Nothing like a good french movie. This one begins with the typical french backdrop; no hurry, no great introduction of either the theme or the plot. Mother phones her son, and we infer that the movie is going to be sort of a family Reunion. French are real charmers; I say this, because, the movie establishes its playground, so to make things clear. Audience finds an indication or two, clearly delineating the plot. We are made aware that the old man is on his death bed and the forgotten son (who shares a truculent relationship with his father) is to rope in old pals. Although, the plot seems transparent enough, it doesn’t settle down silently on the floor of our collective minds. For, the seemingly apparent plot is about to implant, in the most sublime manner possible, trickle by trickle, something of great import.

The technique adapted by the makers of the movie is not seminal. It is cliche, for all I can care to comment on the backdrop. But the nagging versatility the french are known to deliver, claws at my feet, as I type these words. Yes, the movie is phenomenal. 

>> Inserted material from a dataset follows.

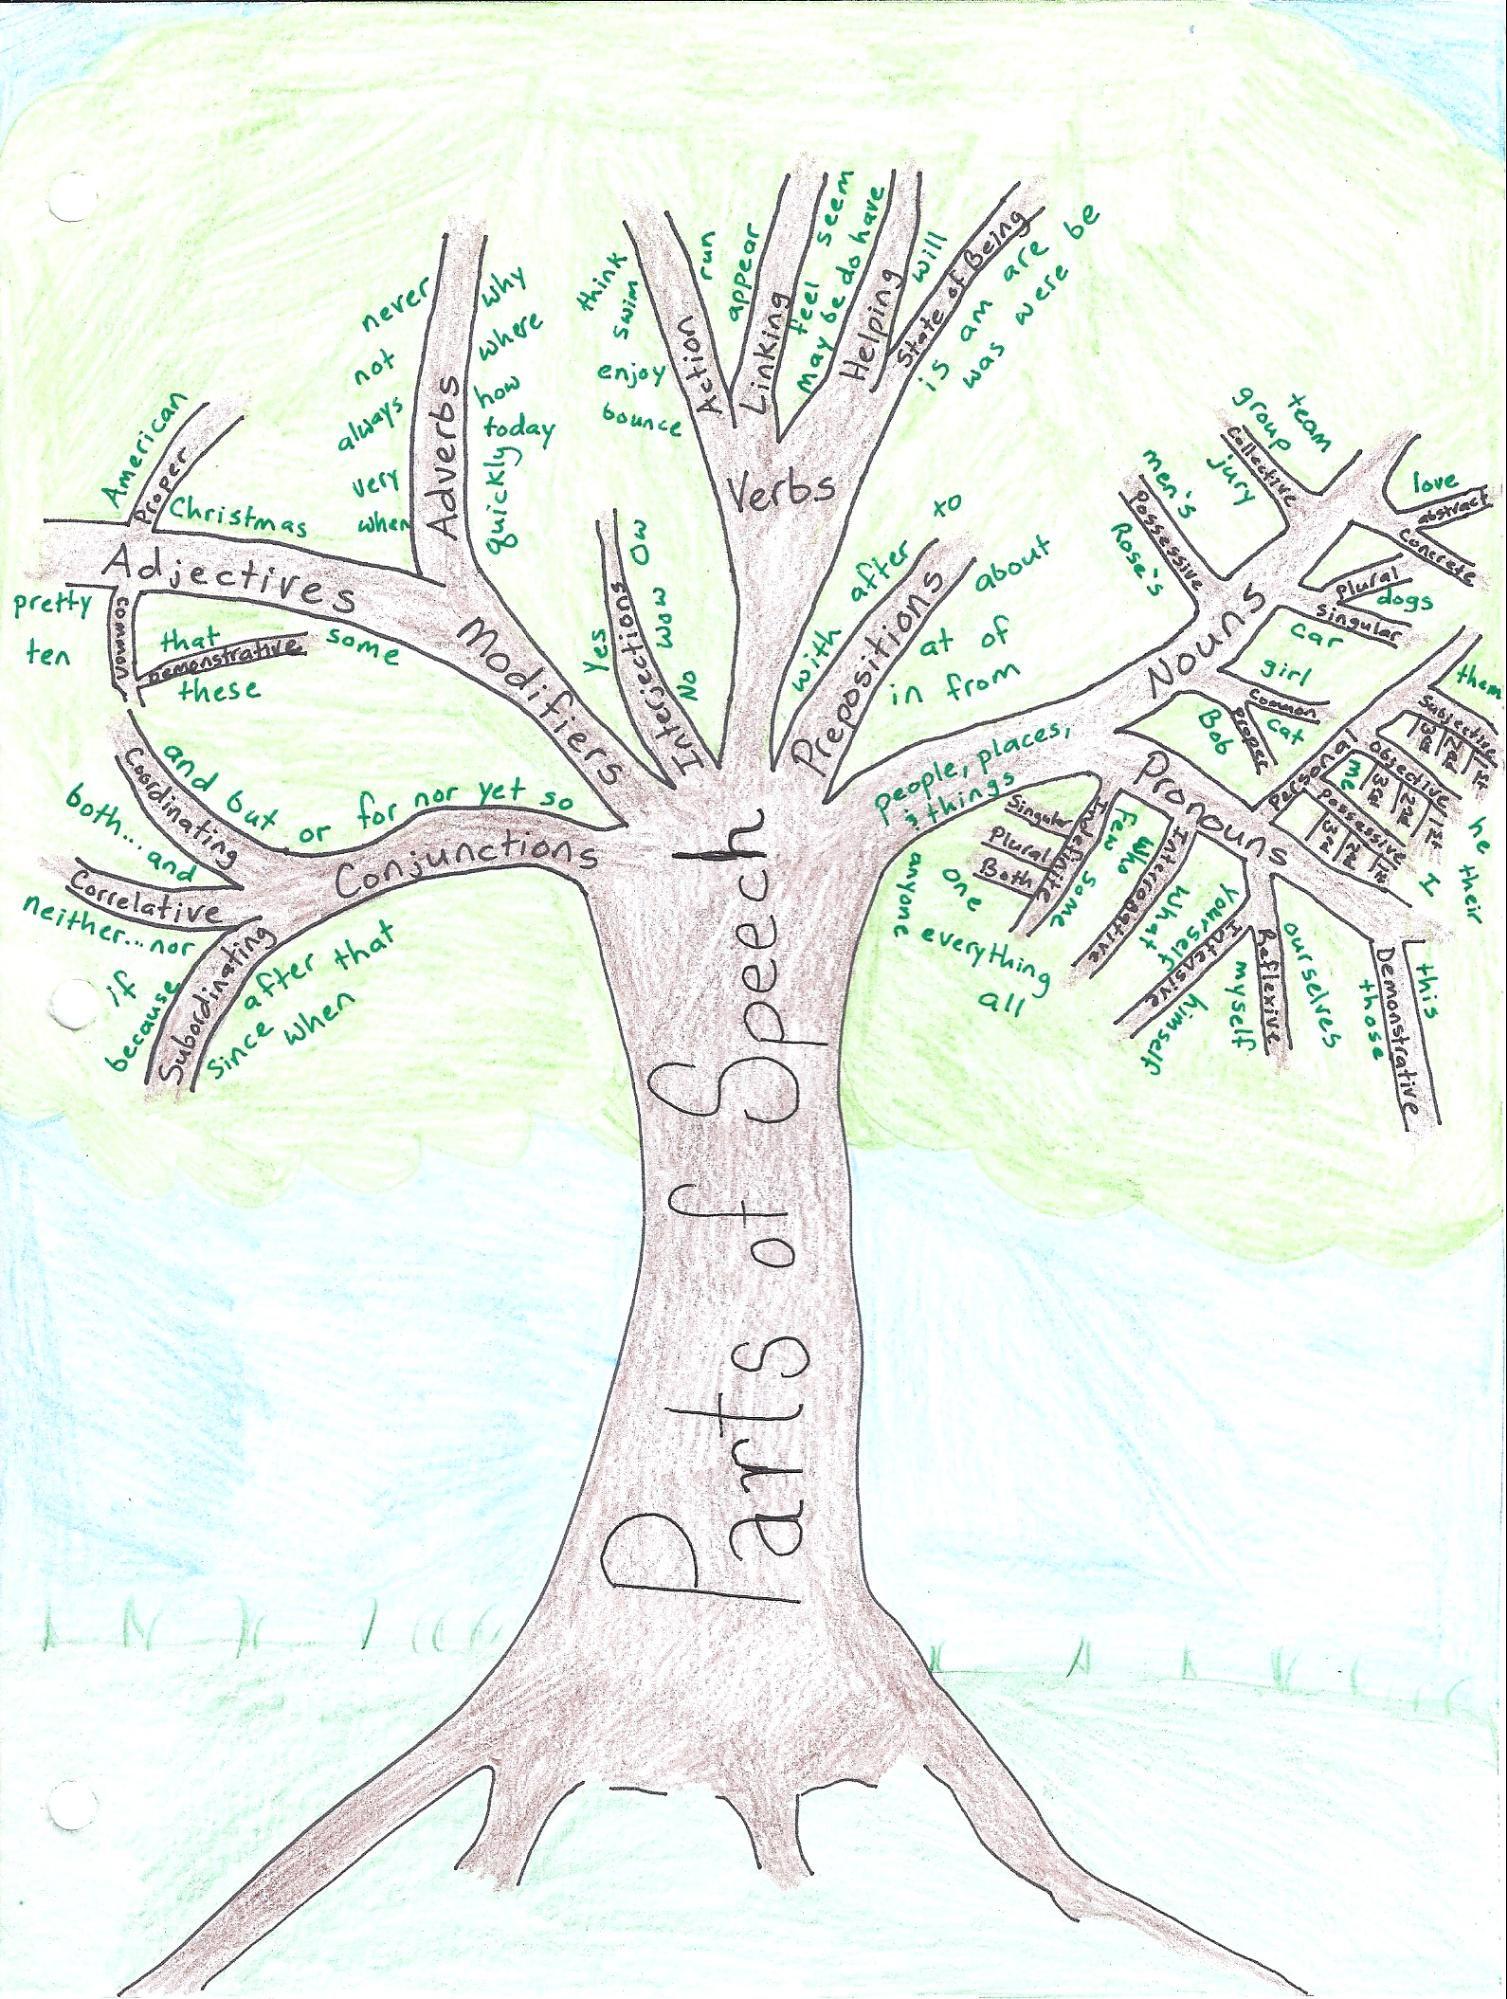 teaching tree diagram vl wiring stereo week 1 english grammar parts of speech cool

“Now, concentrate. First time is the best. It’s the one you long for” she continues, lighting the foil with heroin over it “riding the red dragon” she concludes.

Now, that is not all. there is talk of “crude capitalism” and “sensual socialism”. The old man has all his old pals, mistresses and family with him. As audience, we seem to gaze at the slow crack of the dawn. The policeman who theorises on how he vainly attempted to put an end to the drug trafficking; the addict who dubiously asserts “never trust a junkie”; the son who sweeps the whole arena of possibilities to make it favourable for the dying man; old man’s tirade on civilisation’s barbarism- you are almost certain by now, this is no ordinary film.

“the rivers of sperms I spilled, dreaming of her thighs” reminisces the dying old man as he drops an eye of youthful endeavour on his days of puberty. The gorgeous women he spent night after night dreaming of; the shine of the milky white thighs of an actress from the sixties. The movie switches, not back and forth as it happens in a compromised script, but melodically, in great sweeps, alights as a flock of birds - on the ruminations, on the heroin snorting, on the titillating talks with pals, on the labours of his son, on the invasion of the barbarians. Its simply amazing.

With so many interludes and so many threads that snap at each other to make themselves accentuated in the plot that seems to disintegrate into well calculated paradoxical catharsis, the saving grace is the brevity of the conversations that the addict and the dying man have. In the hospital, the old man laments that he did not pen “The Gulag Archipelago” or “The Periodic Table”, and the addict, played with grace (by the star of ‘Diving bell’ and ‘Tell no one’) notes, you "you at least realise".

George Orwell once said that a writer has to communicate in as few words as possible, and avoid long sentences if he can. I think, “The Barbarian Invasions” has achieved that. It swathes the whole spectrum of a life lived in forgetfulness. In the helplessness of dying moments, one remembers, and wonders, if only, he had done something consequential than being just another individual.